PAIEMENT SÉCURISÉ

 

1.   PRINCIPE DE SECURISATION DES PAIEMENTS

Grâce aux technologies employées et à l'absence d'imprimé mentionnant en clair le numéro de carte bancaire, nous affirmons qu'il est plus sécurisant de payer avec sa carte bancaire sur les sites affiliés à HSBC que dans la plupart des commerces de proximité.

L'ensemble des phases de paiement entre l'acheteur et HSBC est entièrement crypté et protégé. Le protocole utilisé est SSL, couplé à de la monétique bancaire.

Cela signifie que les informations liées à la commande et le numéro de la carte bancaire ne circulent pas en clair sur internet.

Le numéro de carte bancaire n'est imprimé sur aucun papier, facture, facturette ou listing.

SPOOTNIK© n'a accès ni de façon informatique, ni de façon papier aux coordonnées des cartes bancaires des acheteurs.

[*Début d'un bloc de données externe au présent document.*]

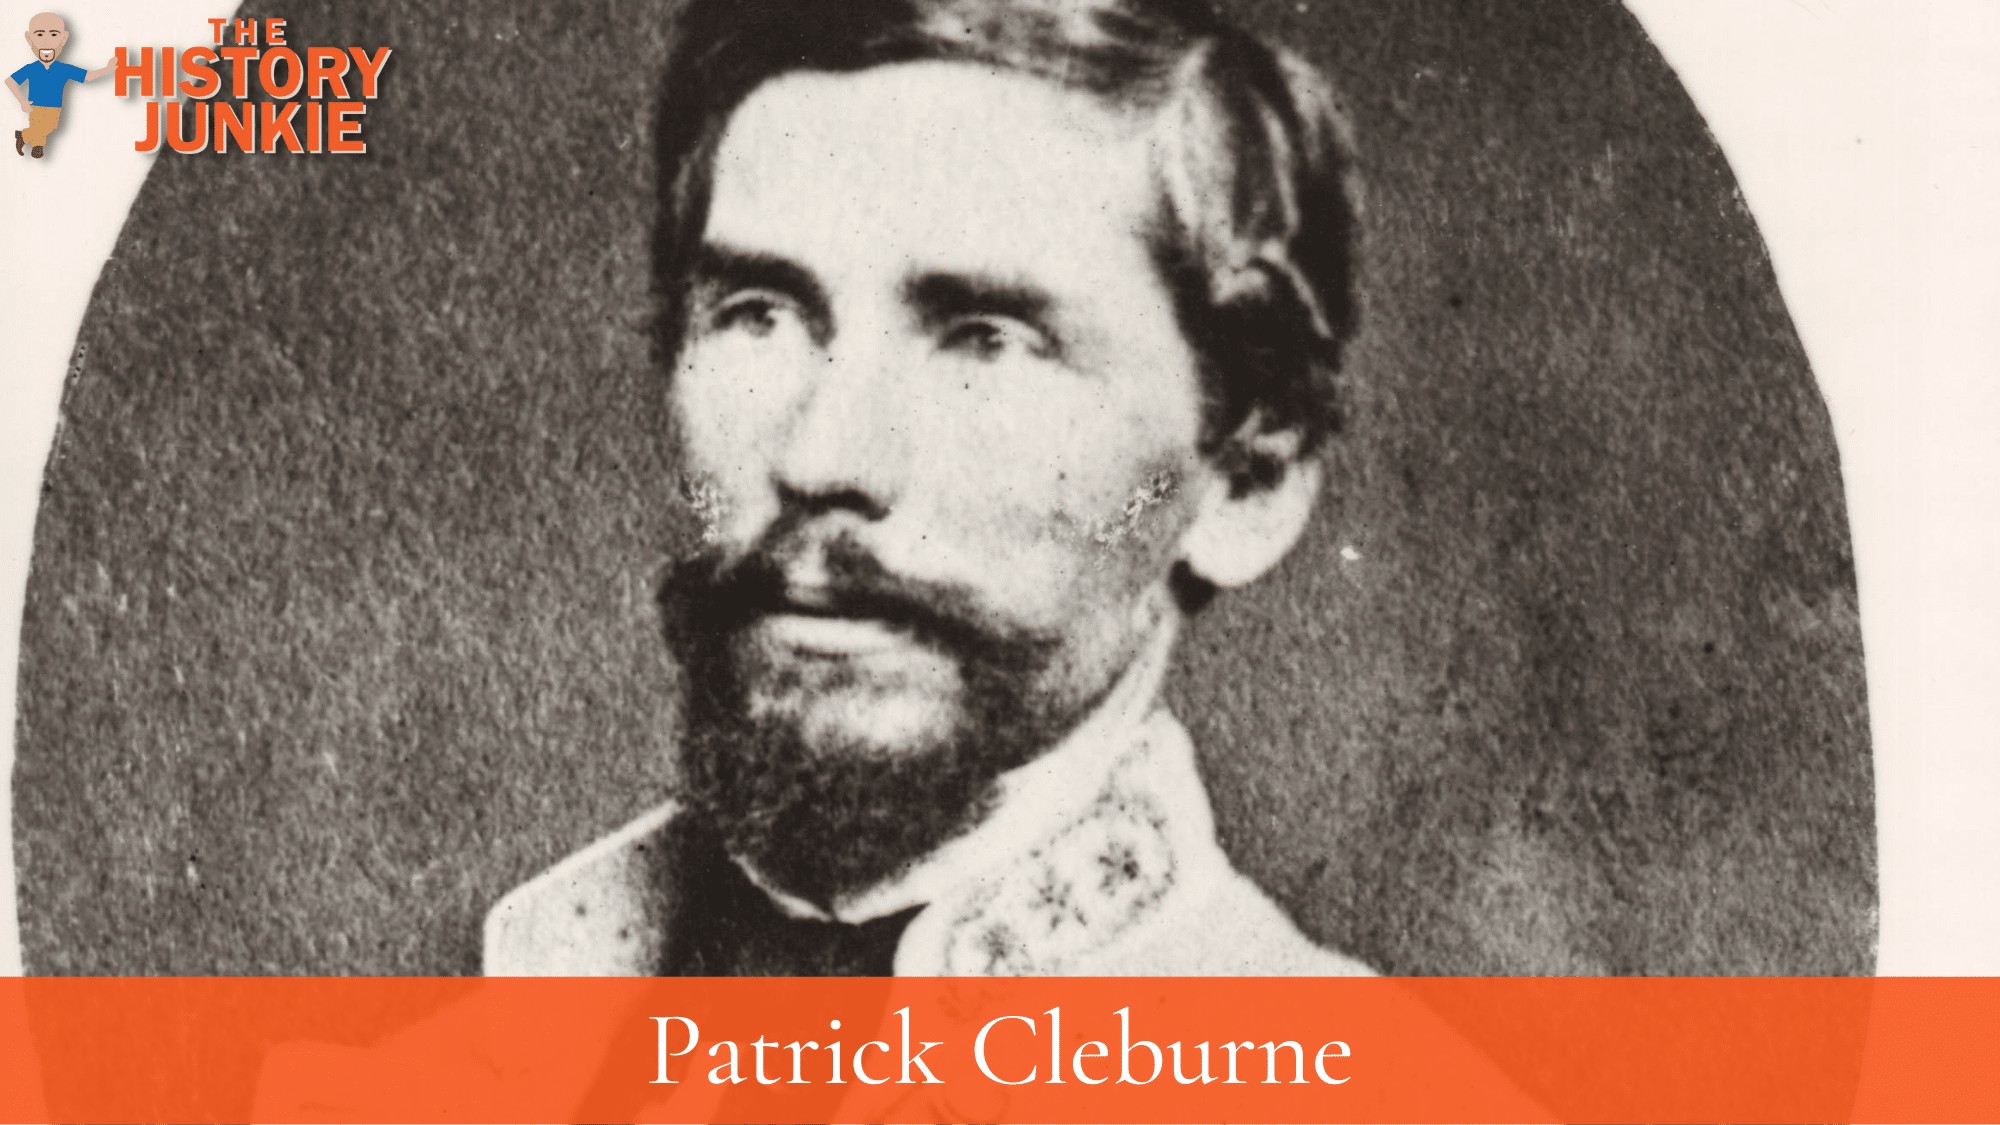 Patrick Cleburne
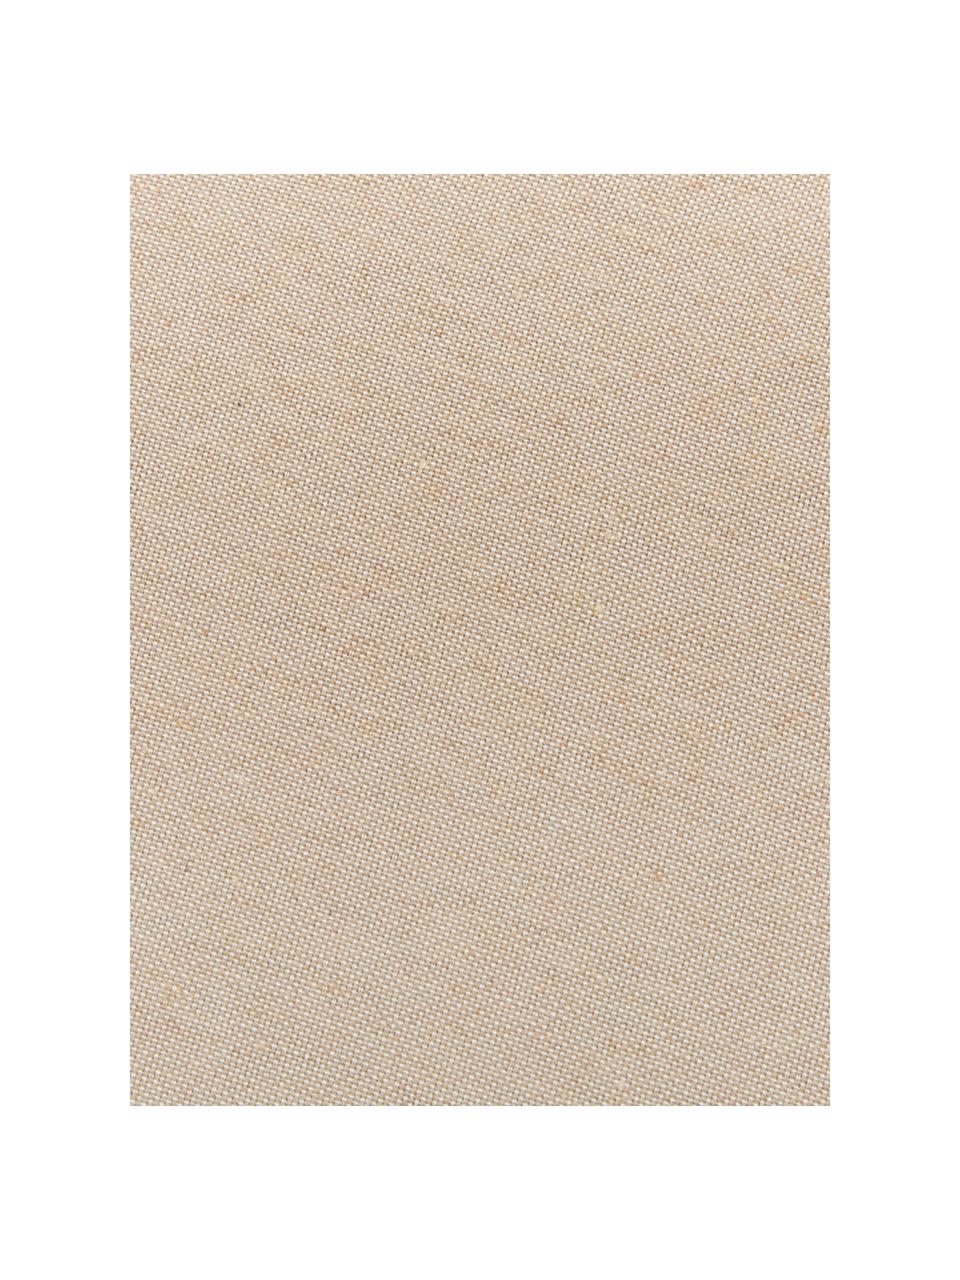 Coussin pour banc beige uni Panama, Beige, larg. 48 x long. 120 cm
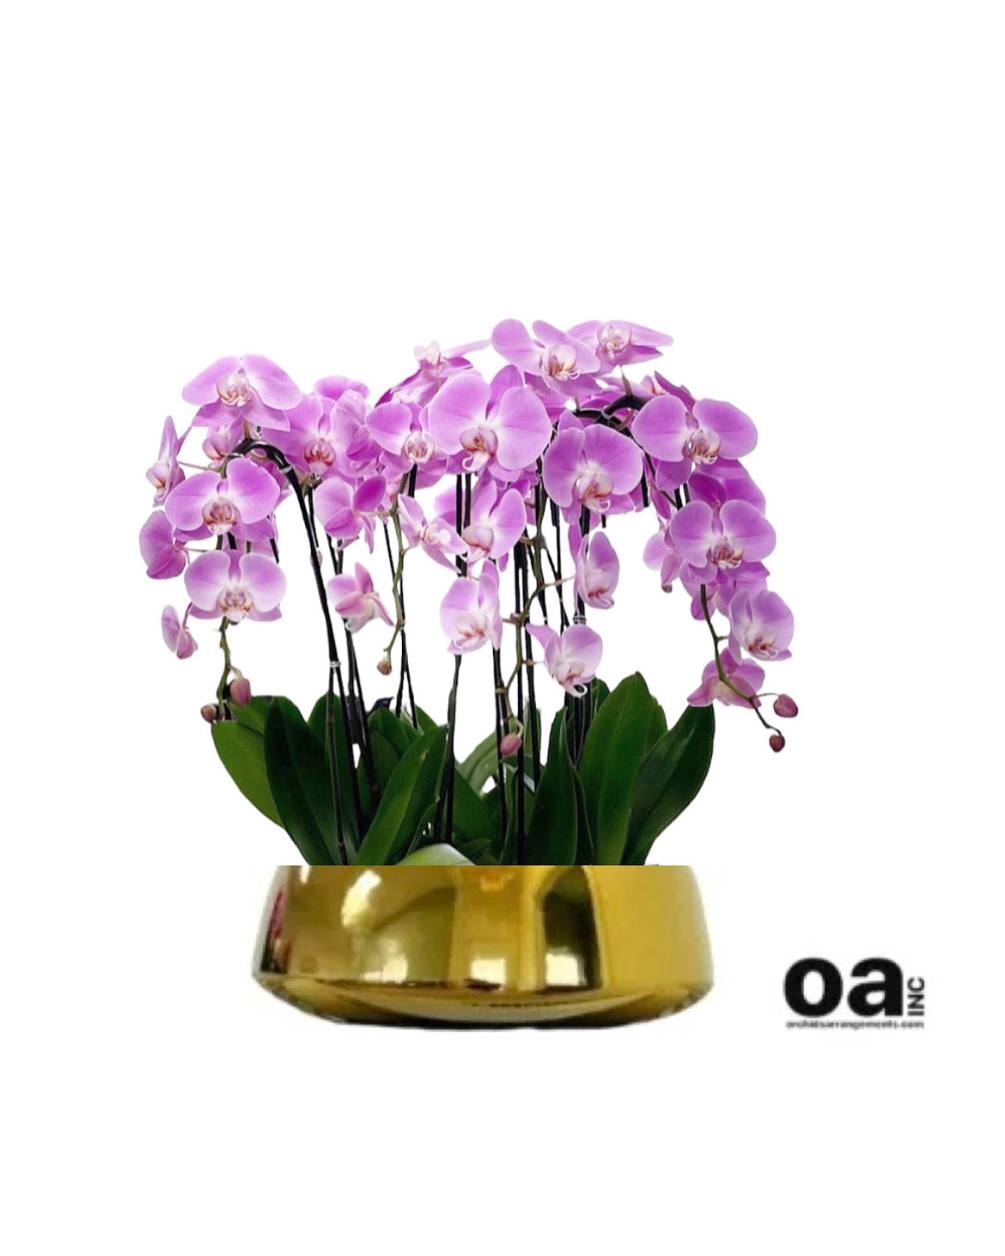 Floral Orchids Miami
10 pink orchids flowers 14&quot; D x 5&quot; T Bouquet
Delivery

Le risque de se faire " pirater " son numéro de carte bancaire lors d'un achat sur SPOOTNIK© est nul. 

 

2.   ETAPES DE SECURISATION DES PAIEMENTS SUR INTERNET

A chaque demande de paiement, l'acheteur bascule du site SPOOTNIK© vers le serveur de paiement HSBC.

2.1.   L'acheteur arrive sur une page de paiement cryptée SSL.

2.2.   Saisie du numéro de carte, date de fin de validité, cryptogramme visuel et demande d'autorisation. La liaison entre l'acheteur et le serveur HSBC est établie en HTTPS, protocole sécurisé avec SSL, qui crypte l'ensemble des informations échangées. Cette protection protège les données envoyées par internet et garantit à l'acheteur que son numéro de carte bancaire ne peut être intercepté en clair par un tiers durant son transfert vers le serveur sécurisé HSBC. La page d'accueil de HSBC informe l'acheteur sur son achat (présentation du nom SPOOTNIK©, garantissant que le commerce a été authentifié).

2.3.   Lorsque le numéro de carte a passé un premier niveau de contrôle (clé de Luhn, oppositions, …), le serveur HSBC émet une demande d'autorisation. Ceci est réalisé en utilisant les protocoles bancaires normalisés sur un réseau de télécommunication spécialisé.

2.4.   Le centre d'autorisation de la banque renvoie un numéro d'autorisation ou un refus. Si le paiement est accepté, HSBC effectue alors les opérations suivantes :

  • envoi du ticket de paiement par email à l'acheteur et à SPOOTNIK©
  • le numéro de carte n'est par contre JAMAIS envoyé à SPOOTNIK©

2.5.    L'acheteur est ensuite automatiquement redirigé vers le serveur du commerçant, où il peut reprendre le cours de sa visite.

Un processus particulier, développé par HSBC, permet de surveiller en temps réel le comportement du porteur, notamment pour éviter l'utilisation du serveur de paiement comme testeur de numéros de carte générés automatiquement, ou pour d'autres types d'attaques :

  • recherche de BIN par incrément, dérivation ou masque
  • multiplication des essais avec différentes dates d'expiration
  • adresses (IP) porteurs aléatoires
  • carte "nomade"

 

3.   VERIFICATION DU MODE SECURISE

Dans ce cas, un cadenas fermé apparaît en bas de la fenêtre du logiciel de navigation.

Le début de l'adresse du site http://www indiqué en haut de l'écran passe en https://www. Le " S " qui suit " http " signale que la communication est protégée. 

 

4.   SECURISATION DE LA PLATEFORME DE PAIEMENT

HSBC est naturellement agrée par  et  dans le cadre du programme PCI DSS.

Les différents audits menés ont validé que HSBC appliquait un haut niveau de sécurité et d’intégrité, complété d'une action soutenue de veille technologique, afin de maintenir l'infrastructure de sa double plate forme.

Ce programme PCI DSS impose des normes de sécurité définies par VISA, MASTERCARD, le GROUPEMENT CARTE BANCAIRE, ainsi que AMERICAN EXPRESS et de nombreux systèmes de paiement.